Session: Matrix optimization and geometry of curved spaces
Chair: Florentin Goyens
Cluster: Optimization on Manifolds
Talk 1: Wrapped Gaussian distributions on SDP matrices and their estimation
Speaker: Florian Yger
Abstract: A common assumption for Euclidean data is that the underlying distribution is Gaussian, as the Gaussian distribution is both well-studied and it enables efficient parameter estimation from samples. In this work, we extend the concept of Gaussian distributions to the Riemannian manifold of Symmetric Positive Definite (SPD) matrices, with a focus on generalizing non-isotropic Gaussian distributions for complex statistical modeling in this space. We propose a wrapped Gaussian model, constructed by mapping a Euclidean Gaussian in a tangent space onto the SPD manifold via the exponential map. After defining this wrapped Gaussian distribution, we address the issue of non-identifiability of our model by establishing an equivalence relation among parameter sets that yield the same distribution. We then show that the parameters of a wrapped Gaussian can be estimated from sample data using a maximum likelihood estimator, optimized on a product manifold. Additionally, we reinterpret existing classifiers on the SPD manifold through a probabilistic framework and introduce new probabilistic classifiers based on wrapped Gaussian models. Finally, we present experimental results, both synthetic and real, to evaluate the parameter estimation accuracy and classification performance of our wrapped classifiers.

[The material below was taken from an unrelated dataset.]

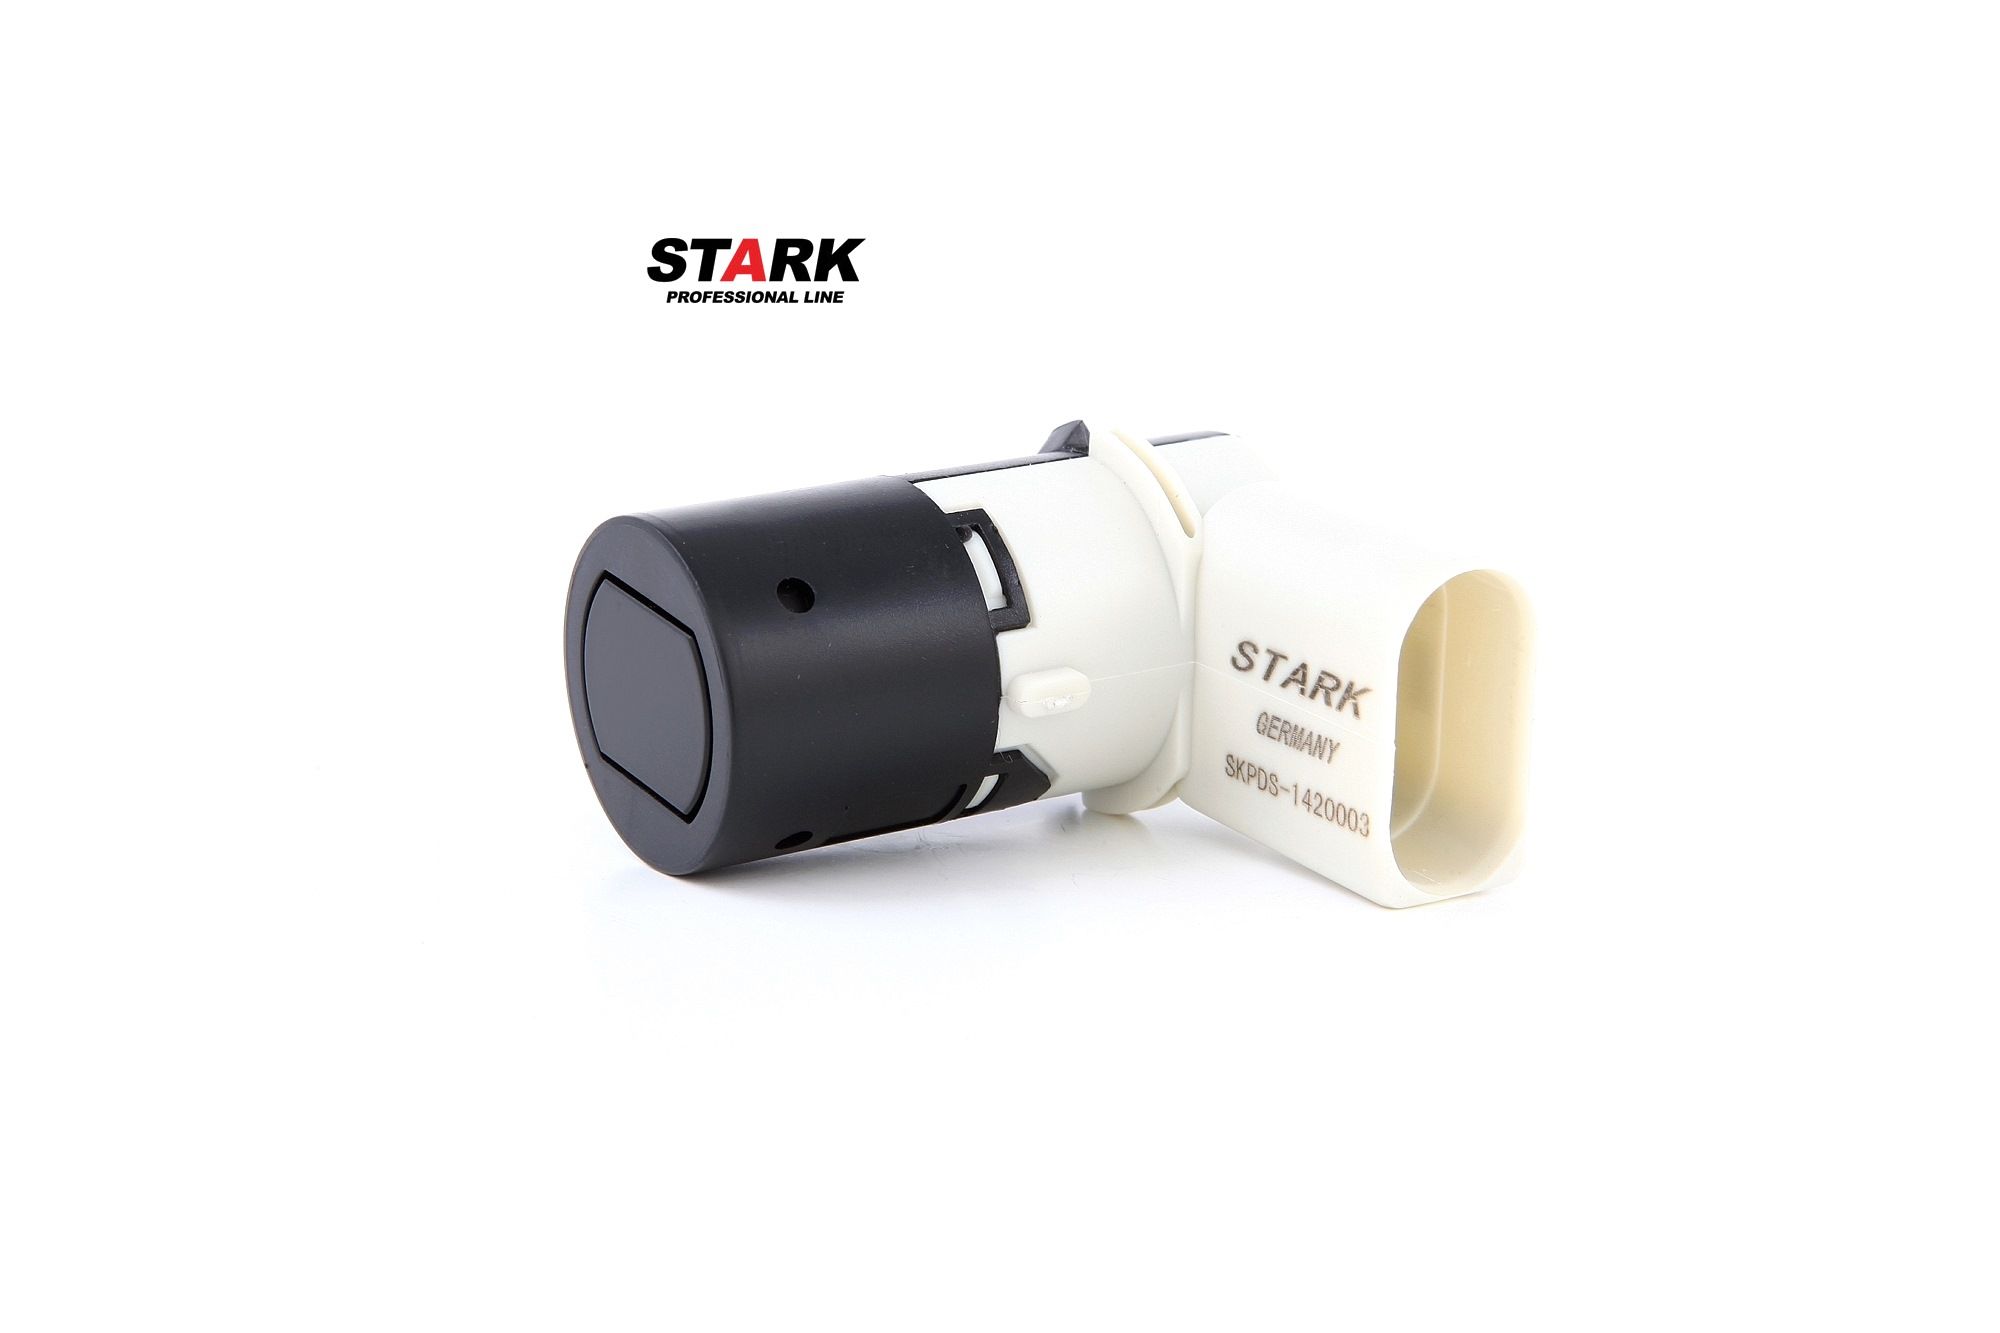 STARK black, Ultrasonic Sensor Reversing sensors SKPDS-1420003 buy

Talk 2: The ultimate upper bound on the injectivity radius of the Stiefel manifold
Speaker: Simon Mataigne
Abstract: We exhibit conjugate points on the Stiefel manifold endowed with any member of the family of Riemannian metrics introduced by Hüper et al. (2021). This family contains the well-known canonical and Euclidean metrics. An upper bound on the injectivity radius of the Stiefel manifold in the considered metric is then obtained as the minimum between the length of the geodesic along which the points are conjugate and the length of certain geodesic loops. Numerical experiments support the conjecture that the obtained upper bound is in fact equal to the injectivity radius. Authors: Pierre-Antoine Absil, Simon Mataigne
Talk 3: Deterministic and Randomized Direct Search on Riemannian Manifolds with Complexity Guarantees
Speaker: Florentin Goyens
Abstract: In this work, we investigate the problem of minimizing a nonconvex objective function defined on a Riemannian manifold, where derivative information is unavailable or impractical to compute. To address this, we consider the direct search methodology—a class of derivative-free optimization algorithms—in the Riemannian setting. We present a Riemannian adaptation of the deterministic direct search method and analyze its performance, deriving a global complexity bound on the number of function evaluations required to reach an approximate critical point. Building on this, we introduce a randomized variant of the Riemannian direct search algorithm, which operates by generating search directions in a random lower-dimensional subspace of the tangent space. Finally, we present numerical experiments to illustrate the effectiveness and computational advantages of both the deterministic and randomized Riemannian direct search methods. Co-authors: Bastien Cavarretta, Clément Royer and Florian Yger.